When I try thisI get peculiar results:
let outputFormat = engine.outputNode.outputFormat(forBus: 0)
let inputFormat = engine.inputNode.outputFormat(forBus: 0)
let requiredFormat = AVAudioFormat(commonFormat: .pcmFormatFloat32,
sampleRate: Double(sampleRate),
channels: 1,
interleaved: false)
let formatMixer = AVAudioMixerNode()
engine.attach(formatMixer)
let intermediateMixer = AVAudioMixerNode()
engine.attach(intermediateMixer)
engine.connect(input, to: formatMixer, format: inputFormat)
engine.connect(formatMixer, to: intermediateMixer, format: requiredFormat)
engine.attach(MicSinkNode)
engine.connect(intermediateMixer, to: MicSinkNode, format: nil)
If I print to console the various formats along the way, I get:
Output Format is <AVAudioFormat 0x600002143930: 4 ch, 48000 Hz, Float32, non-inter>
InputNode Format is <AVAudioFormat 0x60000211ae90: 4 ch, 48000 Hz, Float32, non-inter>
Required Format for input is: Optional(<AVAudioFormat 0x60000213ed00: 1 ch, 48000 Hz, Float32>)
FormatMixer Format is <AVAudioFormat 0x6000021496d0: 1 ch, 48000 Hz, Float32>
Intermediate Format is <AVAudioFormat 0x600002149770: 1 ch, 48000 Hz, Float32>
MicSinkNode Format is <AVAudioFormat 0x600002149810: 2 ch, 44100 Hz, Float32, non-inter>
Where does MicSinkNode get this format from? If I compare my original signal to the result from MicSinkNode, the result is the same length with no glitches. Despite being a different sampleRate at. this stage.

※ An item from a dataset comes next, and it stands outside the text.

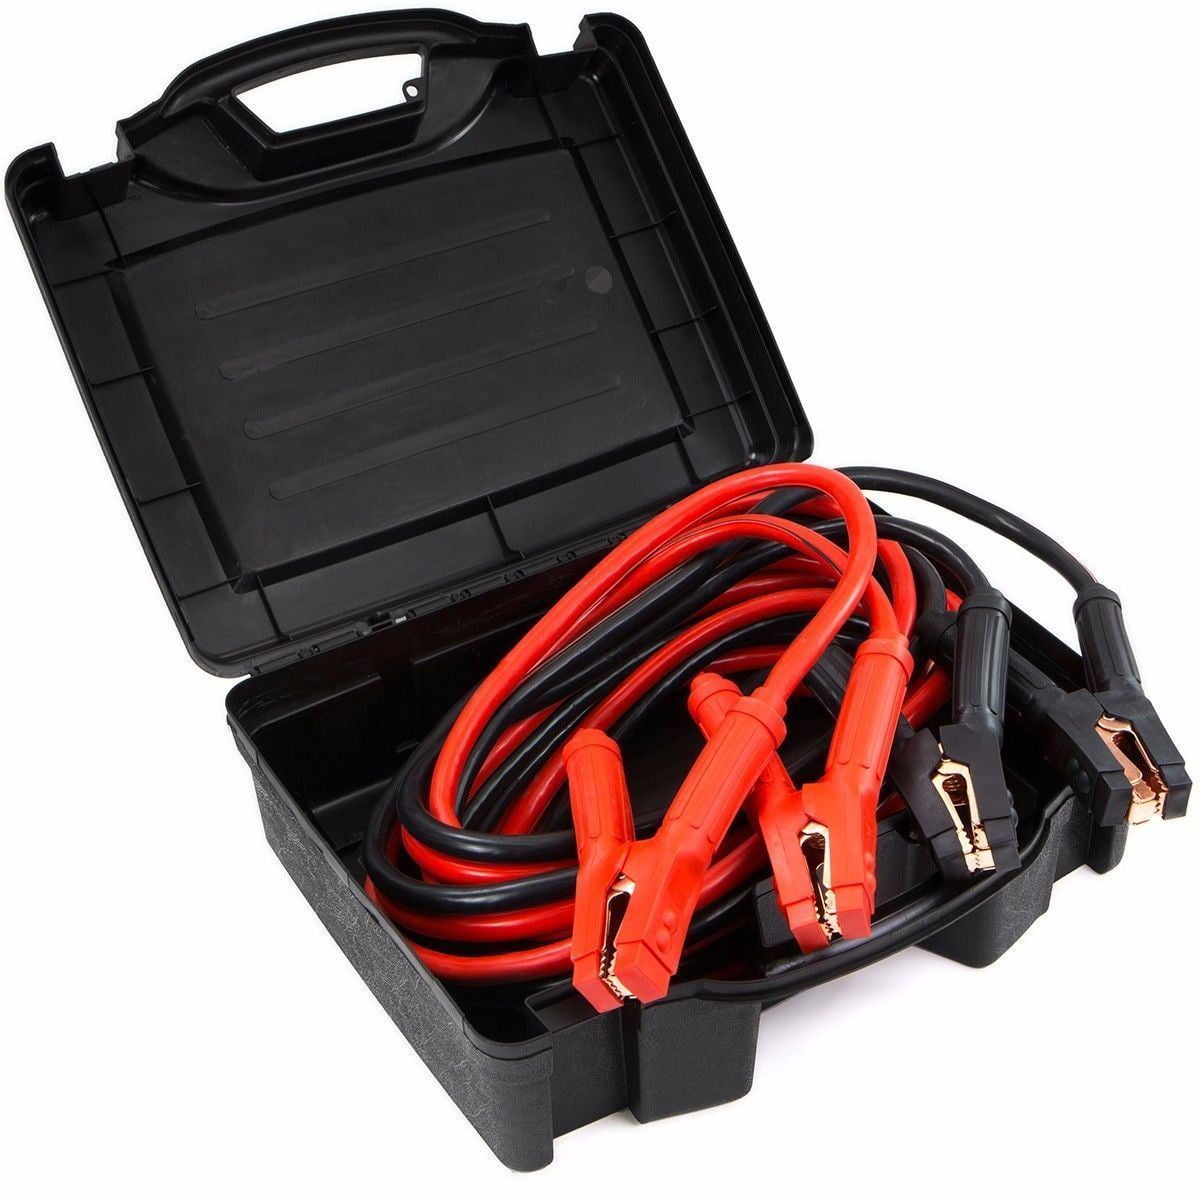 Heavy Duty Jumper Booster Cables Commercial Grade Battery 4 Gauge 10ft 1000 AMP

What is interesting is that if I change the line to:
engine.connect(intermediateMixer, to: MicSinkNode, format: requiredFormat) so that all of the formats match and the MicSinkNode Format is the same as requiredFormat, comparing the WAVs, the output of MicSinkNode is shorter than the original signal (as if a 44.1k has been read directly into a 48k stream). And the regular clock slip glitches are apparent in the audio.
So how do I correctly get a input signal int a single 48k buffer that I can read into an array?